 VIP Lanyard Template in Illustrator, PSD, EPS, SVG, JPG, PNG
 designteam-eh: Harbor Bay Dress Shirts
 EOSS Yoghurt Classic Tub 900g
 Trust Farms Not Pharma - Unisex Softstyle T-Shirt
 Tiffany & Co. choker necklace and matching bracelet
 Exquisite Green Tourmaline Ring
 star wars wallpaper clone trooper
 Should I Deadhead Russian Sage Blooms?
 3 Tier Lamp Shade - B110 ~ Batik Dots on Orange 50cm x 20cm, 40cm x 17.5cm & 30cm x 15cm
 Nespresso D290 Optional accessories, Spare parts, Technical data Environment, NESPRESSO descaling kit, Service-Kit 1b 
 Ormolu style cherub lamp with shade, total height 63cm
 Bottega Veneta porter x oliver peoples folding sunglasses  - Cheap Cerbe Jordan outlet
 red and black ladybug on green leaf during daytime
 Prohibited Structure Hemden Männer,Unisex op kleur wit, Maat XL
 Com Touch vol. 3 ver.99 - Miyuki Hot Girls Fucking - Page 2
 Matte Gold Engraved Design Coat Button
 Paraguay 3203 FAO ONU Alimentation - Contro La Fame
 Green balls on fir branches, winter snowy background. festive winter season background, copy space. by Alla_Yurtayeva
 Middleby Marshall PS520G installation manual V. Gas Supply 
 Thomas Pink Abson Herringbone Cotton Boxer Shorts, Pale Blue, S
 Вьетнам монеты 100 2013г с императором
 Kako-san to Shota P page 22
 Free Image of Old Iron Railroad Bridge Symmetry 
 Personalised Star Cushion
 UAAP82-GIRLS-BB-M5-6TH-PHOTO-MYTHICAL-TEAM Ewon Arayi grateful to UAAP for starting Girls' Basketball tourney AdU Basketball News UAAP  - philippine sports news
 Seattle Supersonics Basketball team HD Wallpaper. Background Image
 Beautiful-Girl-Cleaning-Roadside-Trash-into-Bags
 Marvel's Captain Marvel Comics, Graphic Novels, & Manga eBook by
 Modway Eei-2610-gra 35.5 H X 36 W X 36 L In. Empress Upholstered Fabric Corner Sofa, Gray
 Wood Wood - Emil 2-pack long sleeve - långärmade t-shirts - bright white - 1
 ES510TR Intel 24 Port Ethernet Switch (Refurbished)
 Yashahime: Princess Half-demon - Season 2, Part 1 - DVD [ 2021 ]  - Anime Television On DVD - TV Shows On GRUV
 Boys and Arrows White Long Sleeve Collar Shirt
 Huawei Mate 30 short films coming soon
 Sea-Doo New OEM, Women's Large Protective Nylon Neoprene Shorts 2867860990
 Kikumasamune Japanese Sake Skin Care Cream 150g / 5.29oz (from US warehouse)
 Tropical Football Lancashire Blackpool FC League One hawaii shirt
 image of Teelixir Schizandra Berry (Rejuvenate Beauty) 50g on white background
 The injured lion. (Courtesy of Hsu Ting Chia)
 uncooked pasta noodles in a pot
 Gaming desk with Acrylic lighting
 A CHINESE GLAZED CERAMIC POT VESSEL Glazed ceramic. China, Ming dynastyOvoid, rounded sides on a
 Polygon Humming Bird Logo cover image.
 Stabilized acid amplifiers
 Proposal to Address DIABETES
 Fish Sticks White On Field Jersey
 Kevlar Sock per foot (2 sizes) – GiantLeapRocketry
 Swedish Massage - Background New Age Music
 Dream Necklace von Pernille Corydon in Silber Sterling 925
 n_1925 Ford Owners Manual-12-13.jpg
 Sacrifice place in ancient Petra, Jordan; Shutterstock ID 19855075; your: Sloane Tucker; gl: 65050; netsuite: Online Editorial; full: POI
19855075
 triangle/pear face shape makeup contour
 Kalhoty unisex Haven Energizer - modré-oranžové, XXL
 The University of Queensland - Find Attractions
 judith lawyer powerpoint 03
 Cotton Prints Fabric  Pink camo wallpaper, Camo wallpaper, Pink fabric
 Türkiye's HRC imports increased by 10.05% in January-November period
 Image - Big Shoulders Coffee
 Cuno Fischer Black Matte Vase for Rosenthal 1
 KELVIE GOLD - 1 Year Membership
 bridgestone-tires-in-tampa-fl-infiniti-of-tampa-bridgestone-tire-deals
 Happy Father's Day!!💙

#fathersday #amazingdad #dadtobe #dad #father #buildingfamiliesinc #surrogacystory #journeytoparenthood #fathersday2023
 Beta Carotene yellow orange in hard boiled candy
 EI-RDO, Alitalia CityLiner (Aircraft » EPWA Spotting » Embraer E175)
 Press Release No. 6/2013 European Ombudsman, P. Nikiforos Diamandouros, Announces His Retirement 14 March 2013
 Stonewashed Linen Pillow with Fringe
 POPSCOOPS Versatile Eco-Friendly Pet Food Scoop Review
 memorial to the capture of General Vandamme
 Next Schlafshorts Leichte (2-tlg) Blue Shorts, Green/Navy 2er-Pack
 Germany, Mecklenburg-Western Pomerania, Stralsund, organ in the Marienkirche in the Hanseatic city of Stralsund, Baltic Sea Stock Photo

◆ ◆ ◆ ◆

Problem —
In the listing above, find the line with "Personalised Star Cushion" and the line with "image of Teelixir"; output exactly those lines and all lines between them.

Output for this task —
 Personalised Star Cushion
 UAAP82-GIRLS-BB-M5-6TH-PHOTO-MYTHICAL-TEAM Ewon Arayi grateful to UAAP for starting Girls' Basketball tourney AdU Basketball News UAAP  - philippine sports news
 Seattle Supersonics Basketball team HD Wallpaper. Background Image
 Beautiful-Girl-Cleaning-Roadside-Trash-into-Bags
 Marvel's Captain Marvel Comics, Graphic Novels, & Manga eBook by
 Modway Eei-2610-gra 35.5 H X 36 W X 36 L In. Empress Upholstered Fabric Corner Sofa, Gray
 Wood Wood - Emil 2-pack long sleeve - långärmade t-shirts - bright white - 1
 ES510TR Intel 24 Port Ethernet Switch (Refurbished)
 Yashahime: Princess Half-demon - Season 2, Part 1 - DVD [ 2021 ]  - Anime Television On DVD - TV Shows On GRUV
 Boys and Arrows White Long Sleeve Collar Shirt
 Huawei Mate 30 short films coming soon
 Sea-Doo New OEM, Women's Large Protective Nylon Neoprene Shorts 2867860990
 Kikumasamune Japanese Sake Skin Care Cream 150g / 5.29oz (from US warehouse)
 Tropical Football Lancashire Blackpool FC League One hawaii shirt
 image of Teelixir Schizandra Berry (Rejuvenate Beauty) 50g on white background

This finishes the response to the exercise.